What is required — Using the listing below, please count the lines that contain the string "Cable". Only the number is wanted.

========================================================================

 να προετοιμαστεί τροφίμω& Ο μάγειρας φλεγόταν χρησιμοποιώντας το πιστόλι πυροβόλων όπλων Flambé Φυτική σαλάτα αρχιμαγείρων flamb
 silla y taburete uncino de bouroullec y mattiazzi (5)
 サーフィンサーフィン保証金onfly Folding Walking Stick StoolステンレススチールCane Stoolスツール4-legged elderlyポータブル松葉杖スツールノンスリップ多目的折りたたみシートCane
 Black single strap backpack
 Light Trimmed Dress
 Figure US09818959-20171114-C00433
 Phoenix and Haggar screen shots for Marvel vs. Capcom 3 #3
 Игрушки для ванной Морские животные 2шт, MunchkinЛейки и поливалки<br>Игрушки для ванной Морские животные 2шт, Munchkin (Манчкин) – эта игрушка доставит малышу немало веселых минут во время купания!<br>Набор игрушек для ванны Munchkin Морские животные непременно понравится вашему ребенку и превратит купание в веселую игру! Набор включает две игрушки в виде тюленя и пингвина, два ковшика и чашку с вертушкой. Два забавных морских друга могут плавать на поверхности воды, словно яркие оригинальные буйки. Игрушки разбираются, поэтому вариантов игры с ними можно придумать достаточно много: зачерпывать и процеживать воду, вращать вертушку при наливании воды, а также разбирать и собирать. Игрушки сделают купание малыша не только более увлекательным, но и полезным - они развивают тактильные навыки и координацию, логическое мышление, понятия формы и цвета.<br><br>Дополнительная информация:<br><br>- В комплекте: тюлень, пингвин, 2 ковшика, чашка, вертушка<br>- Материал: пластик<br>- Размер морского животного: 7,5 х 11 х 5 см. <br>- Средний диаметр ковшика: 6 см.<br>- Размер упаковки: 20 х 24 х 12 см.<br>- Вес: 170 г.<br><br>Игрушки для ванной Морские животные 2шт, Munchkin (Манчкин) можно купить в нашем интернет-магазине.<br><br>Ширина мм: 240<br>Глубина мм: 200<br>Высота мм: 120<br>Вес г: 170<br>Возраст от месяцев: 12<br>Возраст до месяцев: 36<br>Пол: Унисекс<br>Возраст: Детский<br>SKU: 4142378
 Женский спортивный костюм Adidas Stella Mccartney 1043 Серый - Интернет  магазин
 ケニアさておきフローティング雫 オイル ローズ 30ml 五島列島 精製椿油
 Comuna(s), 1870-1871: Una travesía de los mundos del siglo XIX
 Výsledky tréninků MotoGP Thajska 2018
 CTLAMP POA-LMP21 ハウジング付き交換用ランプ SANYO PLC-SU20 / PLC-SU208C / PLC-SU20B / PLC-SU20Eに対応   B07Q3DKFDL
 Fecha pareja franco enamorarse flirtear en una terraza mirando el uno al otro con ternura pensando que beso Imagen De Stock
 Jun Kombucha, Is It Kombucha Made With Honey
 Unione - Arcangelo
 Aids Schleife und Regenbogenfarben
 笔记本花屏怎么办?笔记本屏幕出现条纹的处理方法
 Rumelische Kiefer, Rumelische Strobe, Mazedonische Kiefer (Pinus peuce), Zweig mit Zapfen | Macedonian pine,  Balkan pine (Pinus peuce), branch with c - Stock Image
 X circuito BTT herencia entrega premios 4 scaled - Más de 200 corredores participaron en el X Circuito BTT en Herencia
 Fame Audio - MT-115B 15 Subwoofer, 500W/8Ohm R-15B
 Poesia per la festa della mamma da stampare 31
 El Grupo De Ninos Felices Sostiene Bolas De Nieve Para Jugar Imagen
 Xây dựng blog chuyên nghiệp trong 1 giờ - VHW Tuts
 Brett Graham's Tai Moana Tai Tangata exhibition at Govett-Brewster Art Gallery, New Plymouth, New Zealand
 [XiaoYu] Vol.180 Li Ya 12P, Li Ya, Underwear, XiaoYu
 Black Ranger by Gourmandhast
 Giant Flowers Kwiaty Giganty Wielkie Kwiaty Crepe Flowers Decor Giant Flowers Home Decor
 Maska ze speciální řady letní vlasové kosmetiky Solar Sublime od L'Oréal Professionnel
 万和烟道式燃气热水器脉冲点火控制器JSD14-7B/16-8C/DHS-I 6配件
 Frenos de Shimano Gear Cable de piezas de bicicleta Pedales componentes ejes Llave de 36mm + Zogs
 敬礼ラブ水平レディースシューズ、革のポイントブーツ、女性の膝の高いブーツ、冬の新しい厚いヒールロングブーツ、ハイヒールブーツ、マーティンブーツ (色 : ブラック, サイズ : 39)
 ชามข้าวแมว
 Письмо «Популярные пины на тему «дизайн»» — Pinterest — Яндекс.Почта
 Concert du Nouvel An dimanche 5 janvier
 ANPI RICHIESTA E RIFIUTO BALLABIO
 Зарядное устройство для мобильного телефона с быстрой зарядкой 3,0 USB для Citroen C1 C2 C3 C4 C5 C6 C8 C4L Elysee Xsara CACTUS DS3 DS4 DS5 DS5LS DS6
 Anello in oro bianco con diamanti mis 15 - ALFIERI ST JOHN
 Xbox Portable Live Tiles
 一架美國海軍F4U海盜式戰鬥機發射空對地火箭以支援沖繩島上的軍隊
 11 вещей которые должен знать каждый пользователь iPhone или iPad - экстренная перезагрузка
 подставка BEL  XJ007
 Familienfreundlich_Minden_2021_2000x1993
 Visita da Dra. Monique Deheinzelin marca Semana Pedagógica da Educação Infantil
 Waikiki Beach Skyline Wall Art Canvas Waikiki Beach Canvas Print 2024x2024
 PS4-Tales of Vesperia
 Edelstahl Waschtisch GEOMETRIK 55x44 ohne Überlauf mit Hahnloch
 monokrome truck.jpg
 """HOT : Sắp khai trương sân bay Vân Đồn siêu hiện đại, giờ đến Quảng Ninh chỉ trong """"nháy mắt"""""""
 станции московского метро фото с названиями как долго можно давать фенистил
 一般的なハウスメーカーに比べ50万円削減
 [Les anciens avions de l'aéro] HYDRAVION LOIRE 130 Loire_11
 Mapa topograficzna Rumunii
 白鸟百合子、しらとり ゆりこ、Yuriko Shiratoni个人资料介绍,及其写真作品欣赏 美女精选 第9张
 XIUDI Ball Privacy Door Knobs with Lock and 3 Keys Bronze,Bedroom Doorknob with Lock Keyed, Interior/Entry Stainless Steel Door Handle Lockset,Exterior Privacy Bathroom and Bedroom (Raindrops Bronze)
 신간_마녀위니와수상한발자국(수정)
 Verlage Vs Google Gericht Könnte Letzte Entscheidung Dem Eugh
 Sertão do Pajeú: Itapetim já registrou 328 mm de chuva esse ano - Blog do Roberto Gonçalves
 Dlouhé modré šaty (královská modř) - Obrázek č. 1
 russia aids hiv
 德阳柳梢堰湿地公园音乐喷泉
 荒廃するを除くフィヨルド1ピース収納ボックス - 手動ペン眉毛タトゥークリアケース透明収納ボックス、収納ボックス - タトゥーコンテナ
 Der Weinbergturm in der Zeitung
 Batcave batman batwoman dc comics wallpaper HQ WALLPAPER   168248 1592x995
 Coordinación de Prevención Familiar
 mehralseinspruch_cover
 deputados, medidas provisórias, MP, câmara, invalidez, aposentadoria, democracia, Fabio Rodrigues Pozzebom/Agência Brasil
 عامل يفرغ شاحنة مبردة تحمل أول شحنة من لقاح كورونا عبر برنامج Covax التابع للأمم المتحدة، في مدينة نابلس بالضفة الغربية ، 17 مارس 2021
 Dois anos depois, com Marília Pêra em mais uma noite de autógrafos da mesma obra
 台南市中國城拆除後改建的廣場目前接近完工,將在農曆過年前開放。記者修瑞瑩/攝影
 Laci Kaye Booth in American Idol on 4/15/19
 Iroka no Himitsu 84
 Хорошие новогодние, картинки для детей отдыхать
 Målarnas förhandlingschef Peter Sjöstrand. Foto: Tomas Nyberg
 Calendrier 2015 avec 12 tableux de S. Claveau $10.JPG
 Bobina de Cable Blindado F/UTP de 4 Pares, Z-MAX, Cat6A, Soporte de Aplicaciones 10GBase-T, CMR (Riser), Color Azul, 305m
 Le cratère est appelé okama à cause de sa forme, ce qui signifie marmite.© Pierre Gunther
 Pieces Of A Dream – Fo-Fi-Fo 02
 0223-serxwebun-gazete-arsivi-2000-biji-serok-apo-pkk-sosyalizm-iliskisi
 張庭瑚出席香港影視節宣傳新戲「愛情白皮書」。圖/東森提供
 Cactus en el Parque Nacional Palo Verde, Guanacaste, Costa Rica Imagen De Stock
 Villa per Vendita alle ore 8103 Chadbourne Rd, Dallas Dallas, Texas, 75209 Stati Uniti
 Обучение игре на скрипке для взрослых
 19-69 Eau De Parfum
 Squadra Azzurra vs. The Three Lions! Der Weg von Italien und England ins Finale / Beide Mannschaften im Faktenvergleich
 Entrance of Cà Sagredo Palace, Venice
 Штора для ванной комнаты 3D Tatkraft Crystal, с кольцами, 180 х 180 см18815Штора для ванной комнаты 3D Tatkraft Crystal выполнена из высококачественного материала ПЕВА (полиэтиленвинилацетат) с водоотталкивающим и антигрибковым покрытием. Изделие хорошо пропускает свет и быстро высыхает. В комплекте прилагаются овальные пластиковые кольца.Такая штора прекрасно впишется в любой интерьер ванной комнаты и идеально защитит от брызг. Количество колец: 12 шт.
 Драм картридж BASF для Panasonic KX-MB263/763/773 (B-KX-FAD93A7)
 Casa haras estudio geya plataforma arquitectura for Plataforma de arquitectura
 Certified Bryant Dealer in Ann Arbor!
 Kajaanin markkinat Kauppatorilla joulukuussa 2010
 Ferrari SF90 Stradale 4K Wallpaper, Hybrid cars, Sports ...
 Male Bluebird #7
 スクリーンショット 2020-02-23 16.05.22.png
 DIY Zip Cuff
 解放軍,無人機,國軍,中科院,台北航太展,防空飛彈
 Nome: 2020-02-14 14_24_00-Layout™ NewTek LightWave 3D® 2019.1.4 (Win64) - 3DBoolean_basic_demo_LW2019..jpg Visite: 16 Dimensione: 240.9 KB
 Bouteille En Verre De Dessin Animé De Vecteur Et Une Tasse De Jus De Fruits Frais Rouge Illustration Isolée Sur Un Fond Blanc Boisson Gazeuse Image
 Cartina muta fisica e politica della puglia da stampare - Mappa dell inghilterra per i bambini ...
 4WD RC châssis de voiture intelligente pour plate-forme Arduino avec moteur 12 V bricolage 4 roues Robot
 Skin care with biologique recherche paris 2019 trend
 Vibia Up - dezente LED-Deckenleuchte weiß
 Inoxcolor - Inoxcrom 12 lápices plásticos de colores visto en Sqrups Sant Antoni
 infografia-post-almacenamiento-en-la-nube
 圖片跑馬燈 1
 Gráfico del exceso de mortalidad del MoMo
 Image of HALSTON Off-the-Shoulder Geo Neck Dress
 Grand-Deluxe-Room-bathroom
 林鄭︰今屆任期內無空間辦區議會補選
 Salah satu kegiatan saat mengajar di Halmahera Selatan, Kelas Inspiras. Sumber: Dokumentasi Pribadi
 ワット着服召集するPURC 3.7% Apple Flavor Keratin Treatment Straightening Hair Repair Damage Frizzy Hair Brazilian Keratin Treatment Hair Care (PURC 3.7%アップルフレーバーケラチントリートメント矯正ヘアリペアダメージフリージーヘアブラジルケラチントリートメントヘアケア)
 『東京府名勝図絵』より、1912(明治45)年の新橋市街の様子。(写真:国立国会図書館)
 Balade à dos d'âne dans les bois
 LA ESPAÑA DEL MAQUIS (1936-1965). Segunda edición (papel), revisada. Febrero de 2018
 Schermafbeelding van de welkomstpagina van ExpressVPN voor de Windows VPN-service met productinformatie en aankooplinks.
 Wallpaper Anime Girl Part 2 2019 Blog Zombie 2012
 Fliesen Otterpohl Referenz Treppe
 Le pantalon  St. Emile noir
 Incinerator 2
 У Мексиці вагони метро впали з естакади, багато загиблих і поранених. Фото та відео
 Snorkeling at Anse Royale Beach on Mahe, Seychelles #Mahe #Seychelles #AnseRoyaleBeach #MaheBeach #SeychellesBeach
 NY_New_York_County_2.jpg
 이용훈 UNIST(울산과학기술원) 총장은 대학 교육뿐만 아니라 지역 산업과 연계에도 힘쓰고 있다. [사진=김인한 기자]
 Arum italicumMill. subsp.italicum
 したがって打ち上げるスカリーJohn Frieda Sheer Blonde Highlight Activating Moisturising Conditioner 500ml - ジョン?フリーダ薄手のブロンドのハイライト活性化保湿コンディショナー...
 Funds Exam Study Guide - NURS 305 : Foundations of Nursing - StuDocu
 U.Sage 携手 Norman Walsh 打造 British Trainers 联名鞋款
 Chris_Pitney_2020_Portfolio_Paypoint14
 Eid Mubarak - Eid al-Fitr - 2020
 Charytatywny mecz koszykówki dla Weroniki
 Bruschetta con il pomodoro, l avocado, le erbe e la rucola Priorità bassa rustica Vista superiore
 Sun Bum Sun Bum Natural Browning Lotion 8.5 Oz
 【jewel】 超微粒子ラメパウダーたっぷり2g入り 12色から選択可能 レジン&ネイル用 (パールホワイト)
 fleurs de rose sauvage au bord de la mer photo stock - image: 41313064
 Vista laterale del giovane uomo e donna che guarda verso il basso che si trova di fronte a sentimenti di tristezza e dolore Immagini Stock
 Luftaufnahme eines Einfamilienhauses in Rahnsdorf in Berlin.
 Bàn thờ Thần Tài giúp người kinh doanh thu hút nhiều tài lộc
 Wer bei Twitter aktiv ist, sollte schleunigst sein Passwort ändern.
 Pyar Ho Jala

========================================================================

Exercise output — 2